Conosco la Namibia, che visitai in lungo e in largo per un mese, circa vent’anni fa. Ho conosciuto la bellezza selvaggia dei suoi immensi paesaggi, che ti rendevano minuscolo, ma anche l’orgoglio della gente, e soprattutto ho toccato con mano le cicatrici del colonialismo e le ferite ancora aperte nella sua società. Windhoek, con quelle sue folate spaventose di vento che spazza via passato e presente, mi aveva accolto nelle prime ore del mio viaggio; ma fu nel profondo sud, a Swakopmünd in particolare, che mi resi conto della presenza diffusa di segni del dominio coloniale e di una certa nostalgia coloniale. Dalla reverenza con cui i dipendenti neri trattavano il padrone bianco negli esercizi alberghieri, ai negozi di simboli dell’impero prussiano e del Terzo Reich. Dalla toponomastica dei centri abitati principali, alle alte reti elettrificate che proteggevano le proprietà della comunità germanofona, evocando immagini di luoghi molto più sinistri. Era solo lontano dal centrocittà che respirava a pieni polmoni l’anima nera e indigena del Paese. Quell’anima nera e indigena, che si ritrova anche nei quartieri popolari di Johannesburg, e che viene rappresentata così precisamente nel museo dell’Apartheid della stessa città[9], spiega perché quei Paesi abbiano avuto il coraggio di rompere il silenzio e di sollecitare la Corte di Giustizia Internazionale ad esprimersi su quello che sta succedendo a Gaza. Non sono stati né i Paesi arabi, né i Paesi musulmani, né tantomeno quelli occidentali a prendere l’iniziativa legale, ma i neri che hanno conosciuto in tutte le sue manifestazioni più brutali il colonialismo europeo.

Anche lo Stato di Israele è nato in seguito ad un progetto coloniale, quello di dare una patria al popolo ebraico. Anche la Palestina è passata di mano in mano nel corso dei secoli, durante i quali si sono succeduti regimi diversi, la maggioranza dei quali arrivati da terre lontane. È questo nostro passato coloniale che ci impedisce di vedere il legame tra gli orribili crimini del 7 ottobre 2023 e la nakba[10], tra la vocazione al martirio di intere generazioni di palestinesi e il furto quotidiano delle loro terre; ma anche tra la barbarie della macchina di distruzione di Gaza da parte della Tsahal e la comodità delle prese di posizione tattiche di molte cancellerie occidentali. Siamo tutti un poco figli di secoli di relazioni asimmetriche, di pregiudizi razziali e dei benefici dello sfruttamento delle risorse di terre lontane – che lo vogliamo o no – e quanto succede in Palestina non è che l’esito di una deflagrazione causata da una miscela esplosiva di orientalismo, colpe storiche e orgoglio coloniale.
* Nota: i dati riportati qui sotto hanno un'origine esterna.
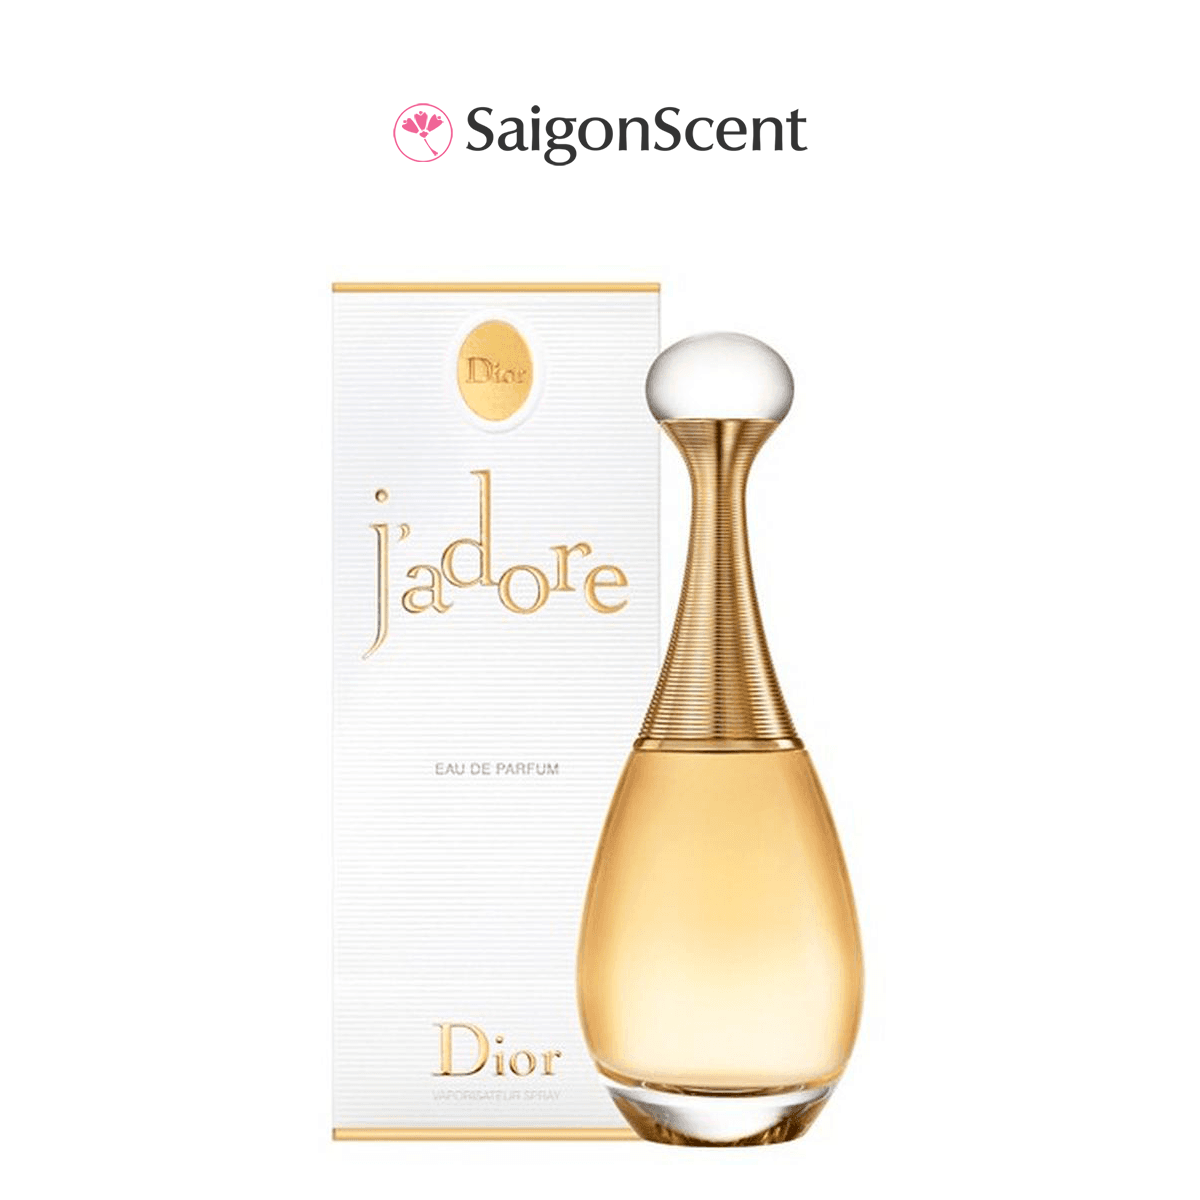 Nước hoa NỮ Dior JADORE 5mLNước hoa NỮ Dior JADORE 5mL  SaigonScent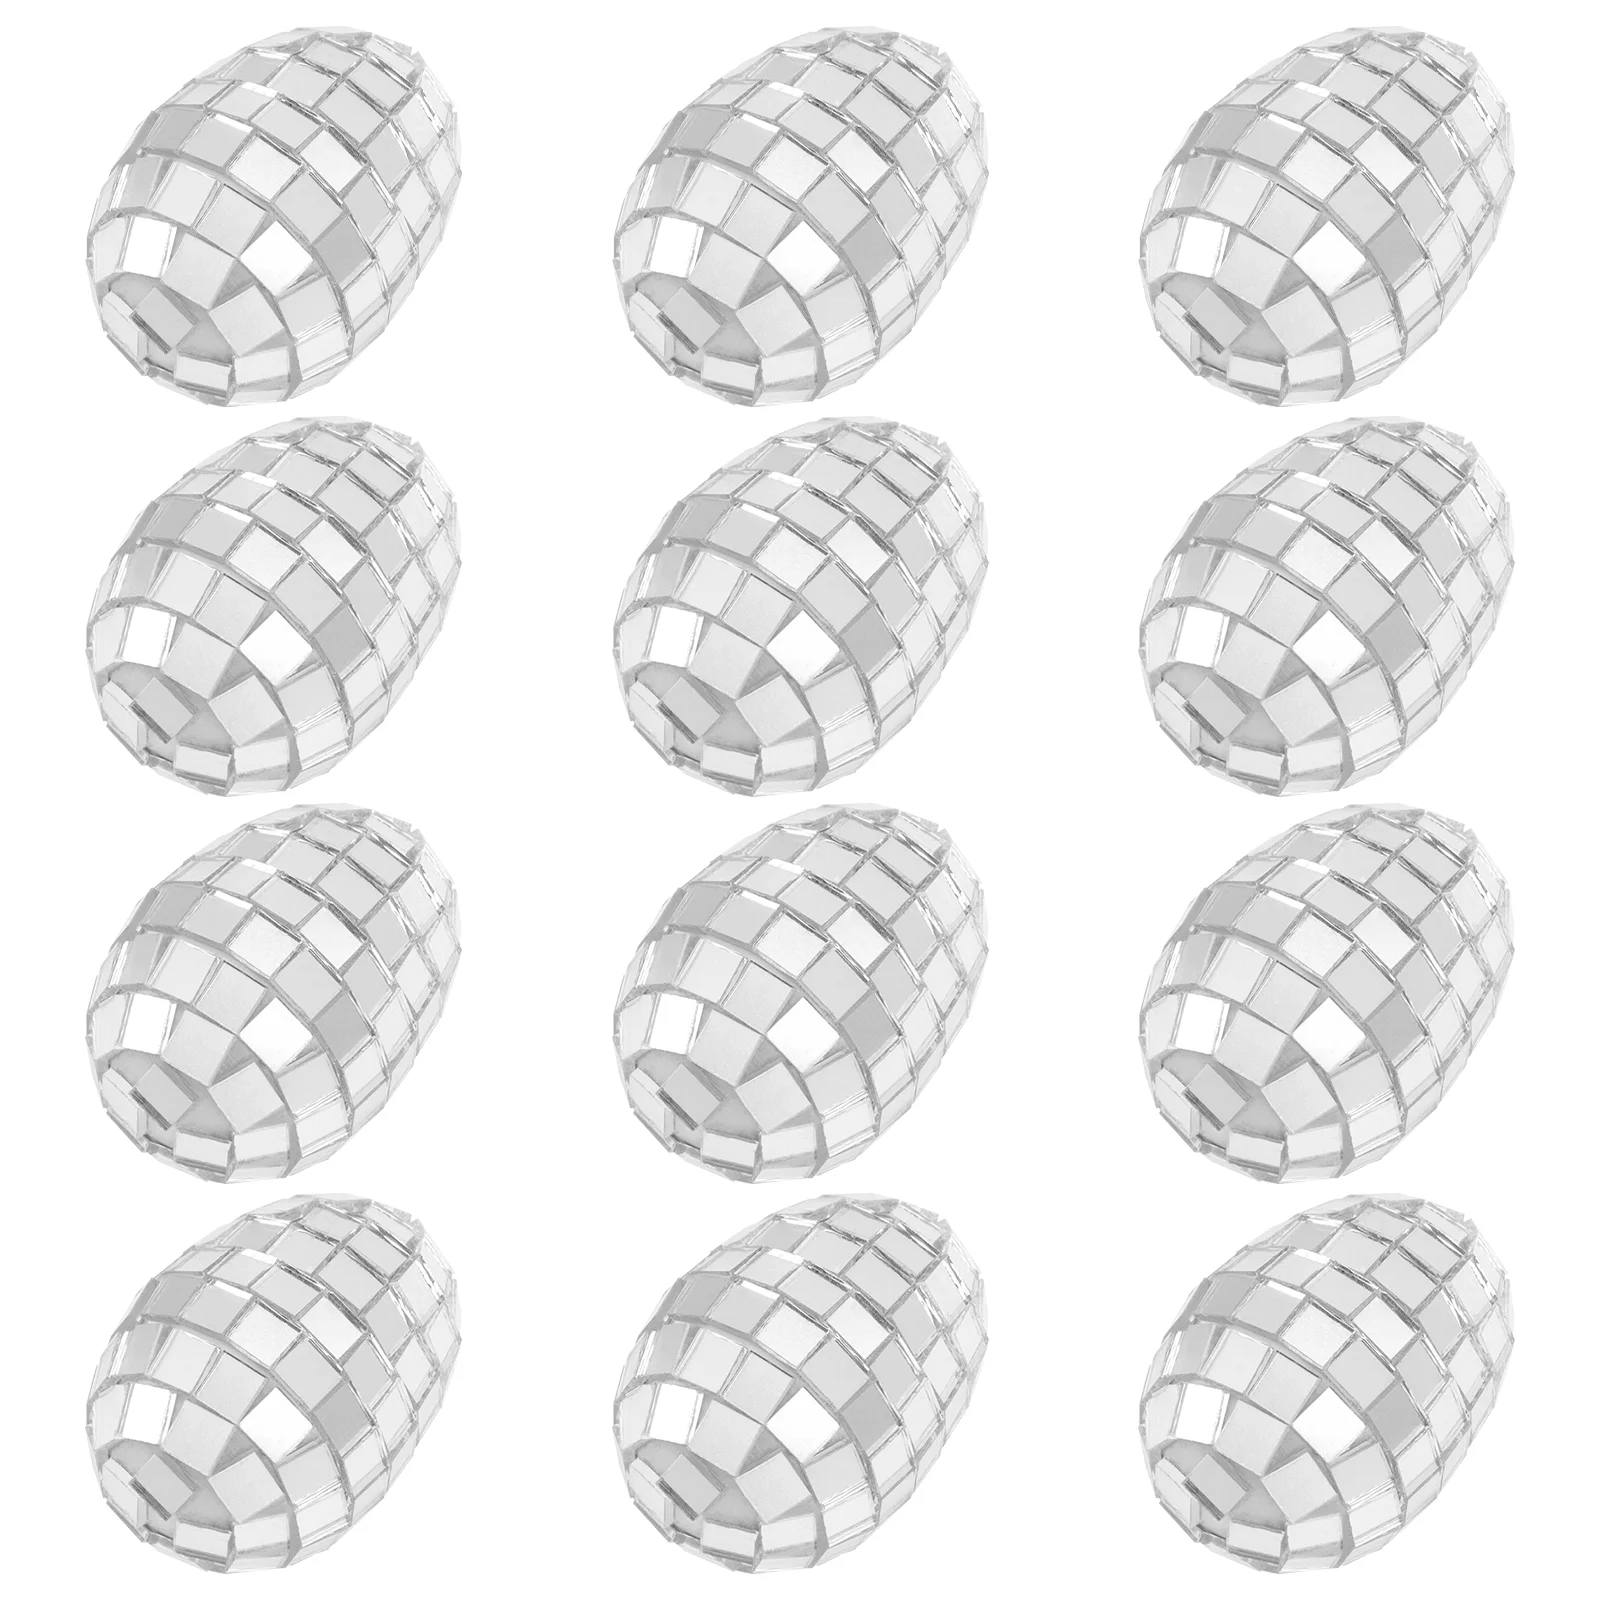 

12 шт., пасхальные отражающие зеркальные шарики в стиле 60-х годов, подвесные шарики, уличное украшение, зеркальные пасхальные украшения для яиц, подвеска в виде пасхальных яиц

Non mi stancherò tuttavia di ripeterlo: sono ebrei e palestinesi uniti contro i crimini del passato e quelli del presente a rappresentare l’unica speranza di riscatto nella regione. La soluzione non verrà da paesi che hanno fomentato il colonialismo per secoli, non almeno in questa fase, in cui ancora si fa fatica a riconoscere i crimini del proprio passato coloniale e il diritto ad autodeterminarsi di nazioni senza stato. Ebrei e palestinesi uniti contro i crimini del passato e quelli del presente dovranno fare come e imparare da quei paesi africani che hanno percorso la via dell’autodeterminazione nella sofferenza di una difficile riconciliazione, e lo dovranno fare senza guardare in faccia nessuno. Vedo questa speranza nei movimenti bi-nazionali tra arabi ed ebrei che sono sorti negli ultimi due decenni, da Combatants for Peace a Ta’ayyush[11], a Standing Together. Sono movimenti sovente osteggiati e considerati traditori dall’una o dall’altra parte, e questo dà l’idea della difficoltà di un’impresa sociale, politica e culturale necessaria, ma malvista da molti. Forse in altre parti del mondo non è così, ma certamente lo è in questo momento in Palestina. La pace si costruisce negoziando con il cosiddetto “nemico” e riconoscendo il suo diritto ad esistere – non cercando di distruggerlo. Ce lo hanno insegnato gli africani.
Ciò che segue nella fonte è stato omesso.